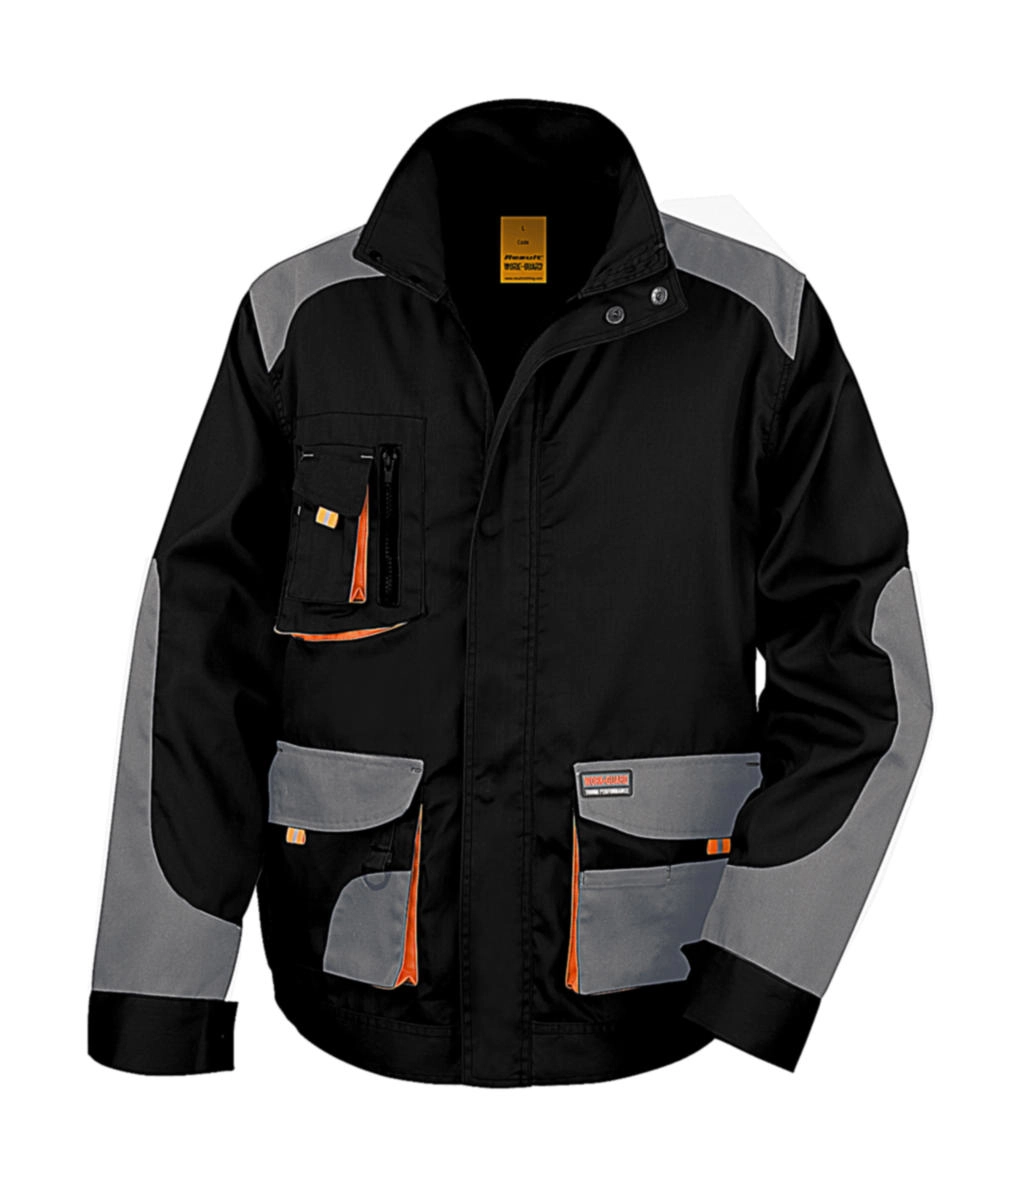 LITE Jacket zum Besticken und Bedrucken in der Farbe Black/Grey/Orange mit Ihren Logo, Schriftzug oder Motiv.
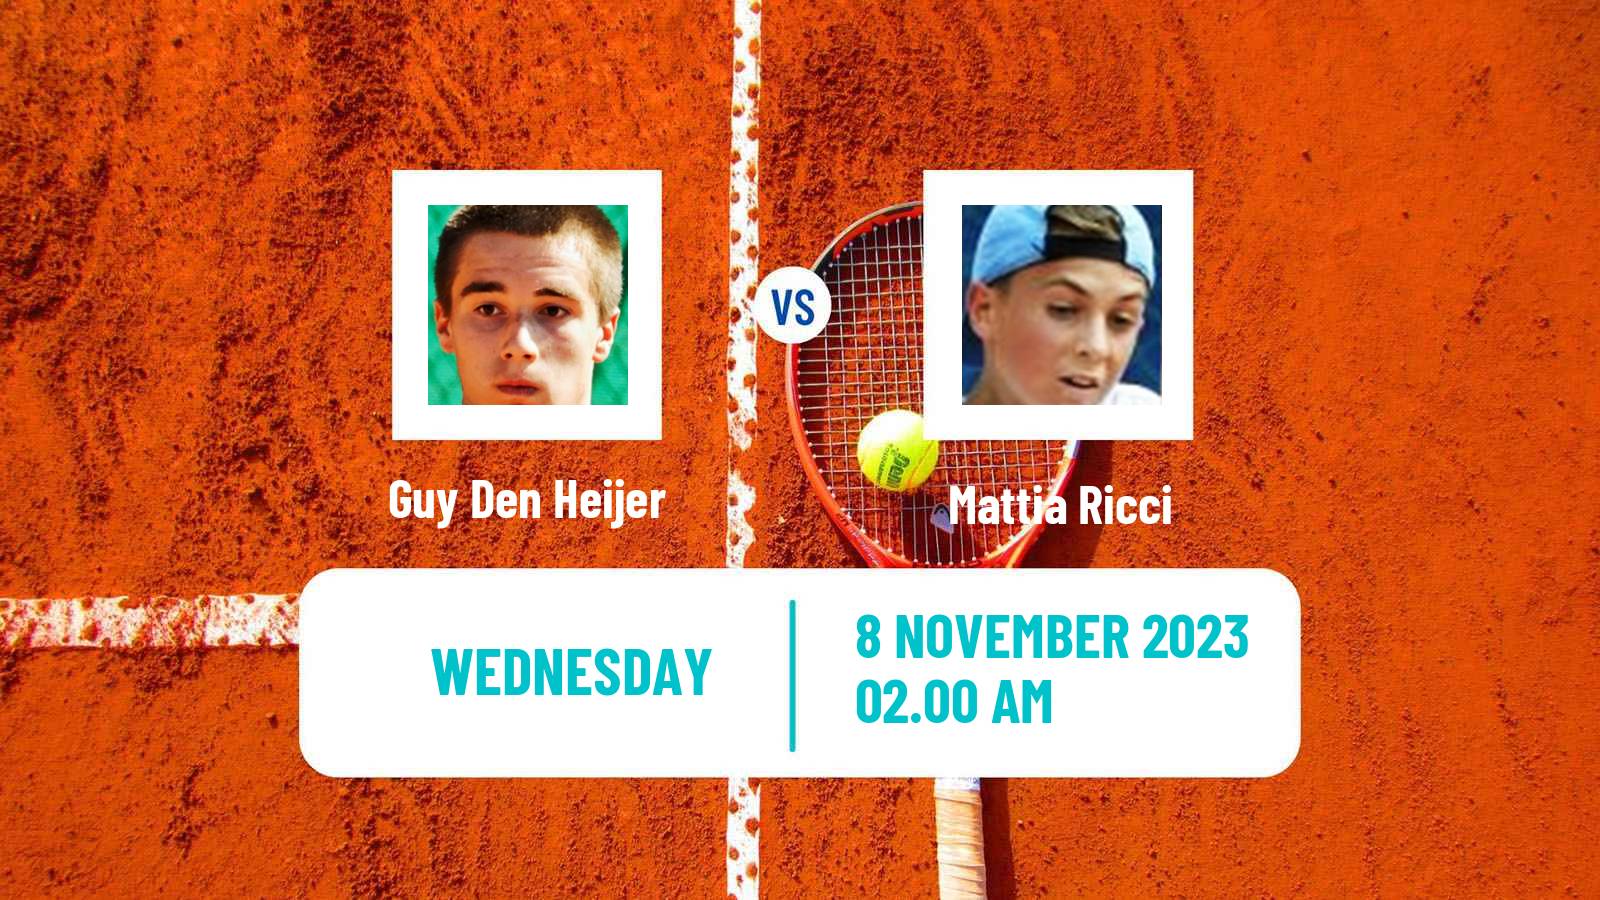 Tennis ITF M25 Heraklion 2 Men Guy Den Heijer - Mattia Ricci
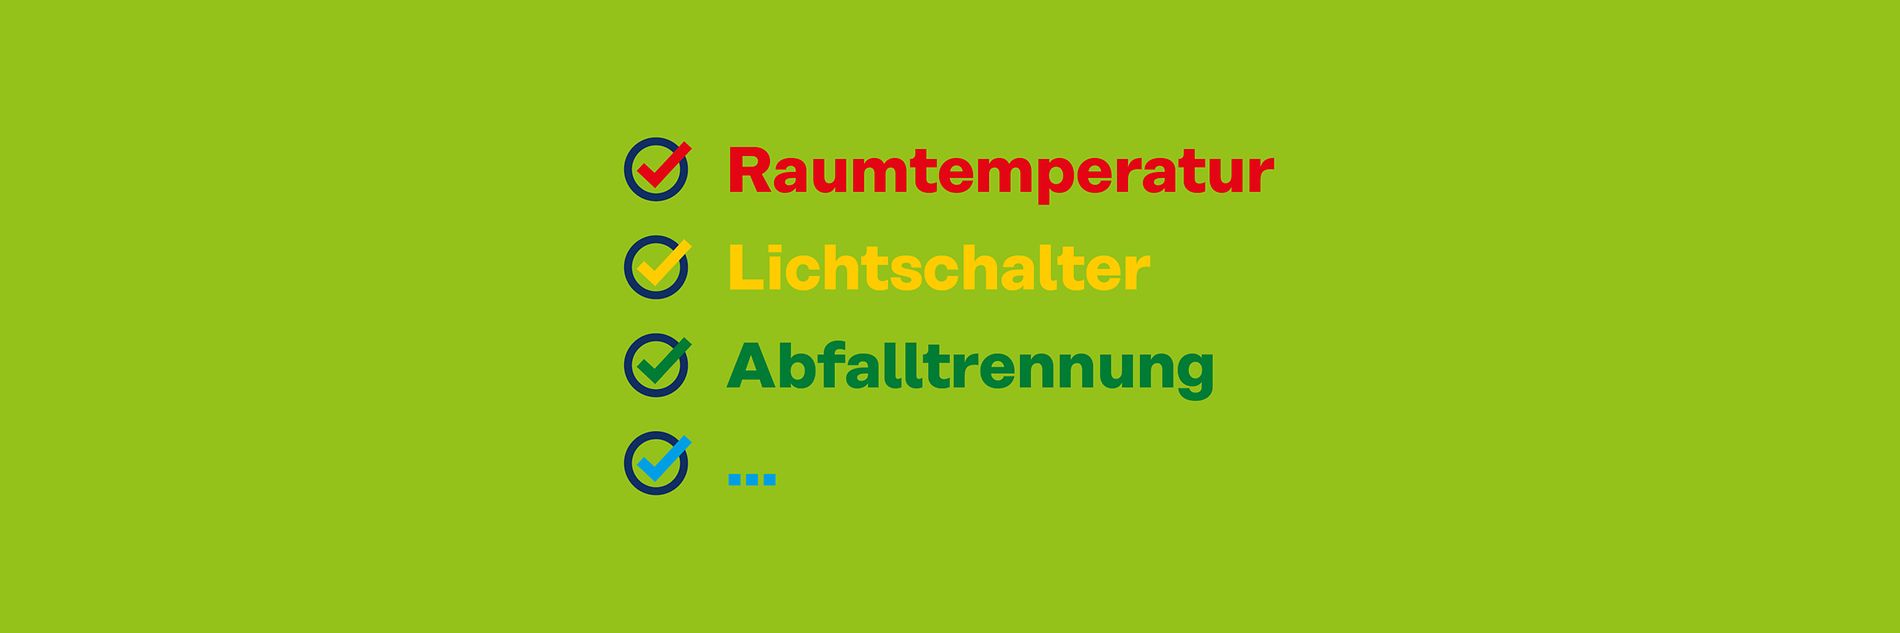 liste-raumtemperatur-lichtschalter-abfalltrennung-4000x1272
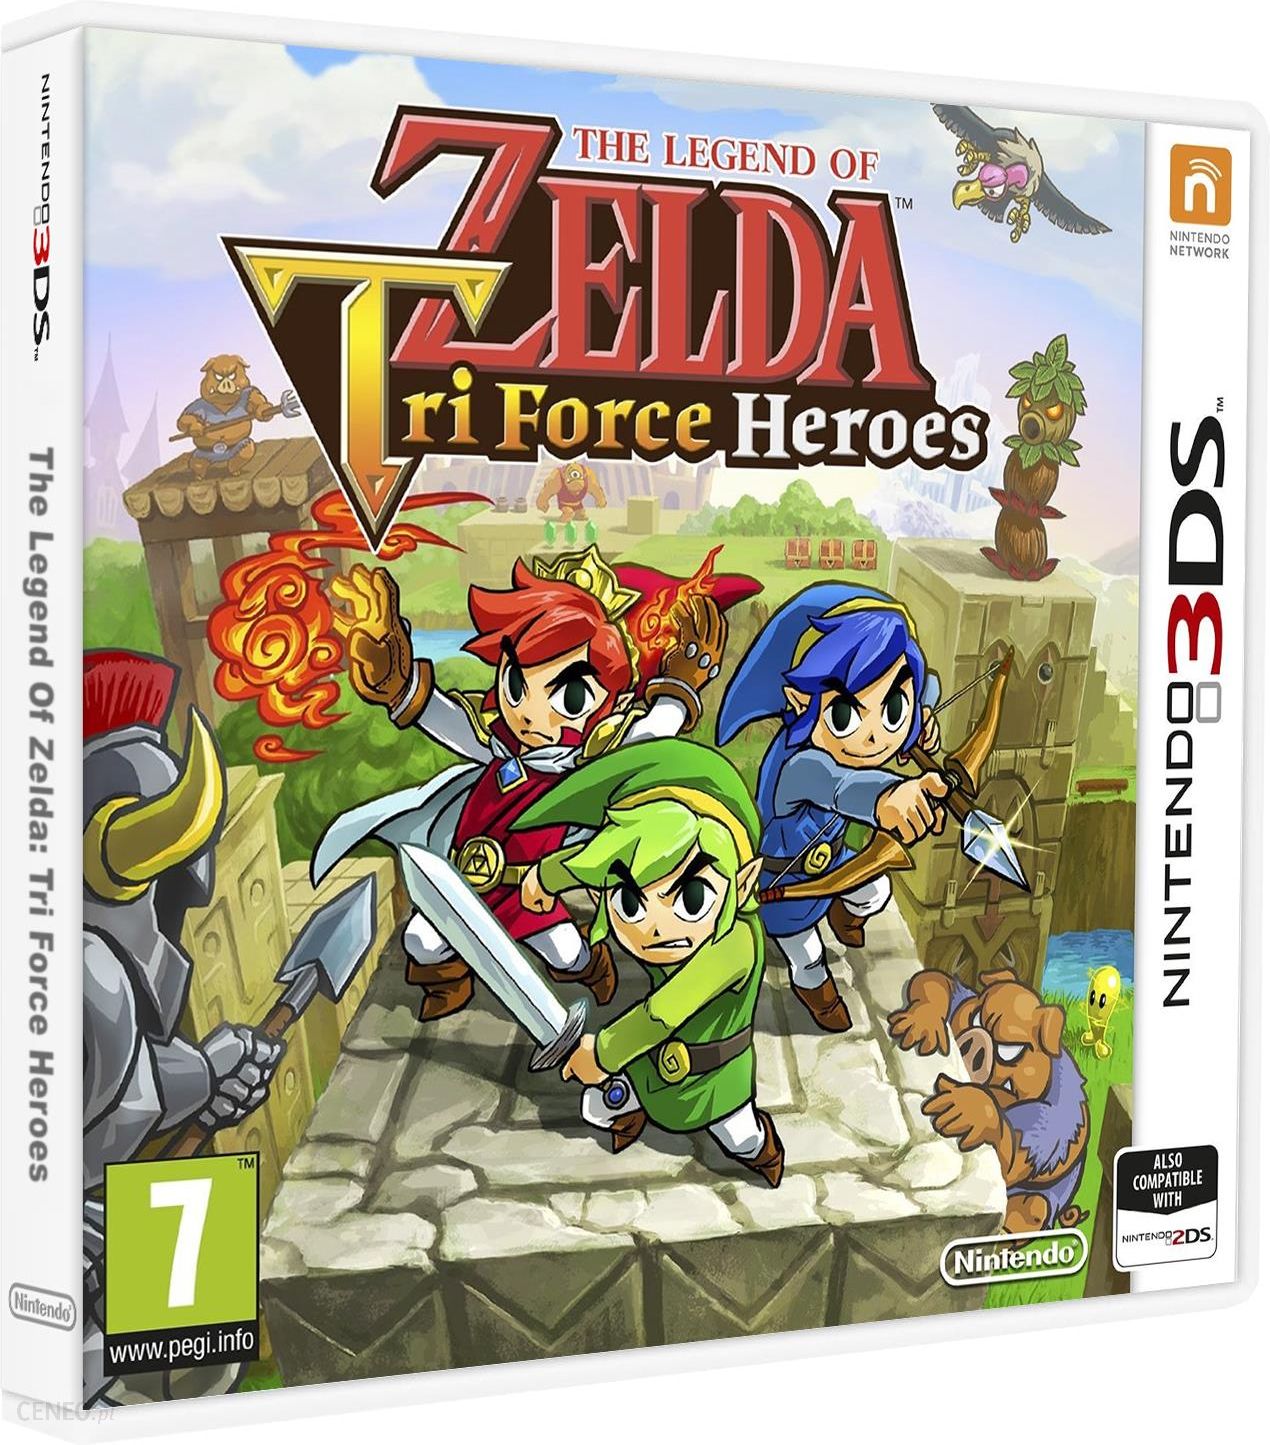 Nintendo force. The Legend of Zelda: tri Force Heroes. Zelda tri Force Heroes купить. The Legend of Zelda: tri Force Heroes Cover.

## Brief:
Everything in the listing above must be retyped exactly, except for the pictures.

## Output of the exercise:
 LITE Jacket zum Besticken und Bedrucken in der Farbe Black/Grey/Orange mit Ihren Logo, Schriftzug oder Motiv.
 Tennis ITF M25 Heraklion 2 Men Guy Den Heijer - Mattia Ricci
 liste-raumtemperatur-lichtschalter-abfalltrennung-4000x1272
 Nintendo force. The Legend of Zelda: tri Force Heroes. Zelda tri Force Heroes купить. The Legend of Zelda: tri Force Heroes Cover.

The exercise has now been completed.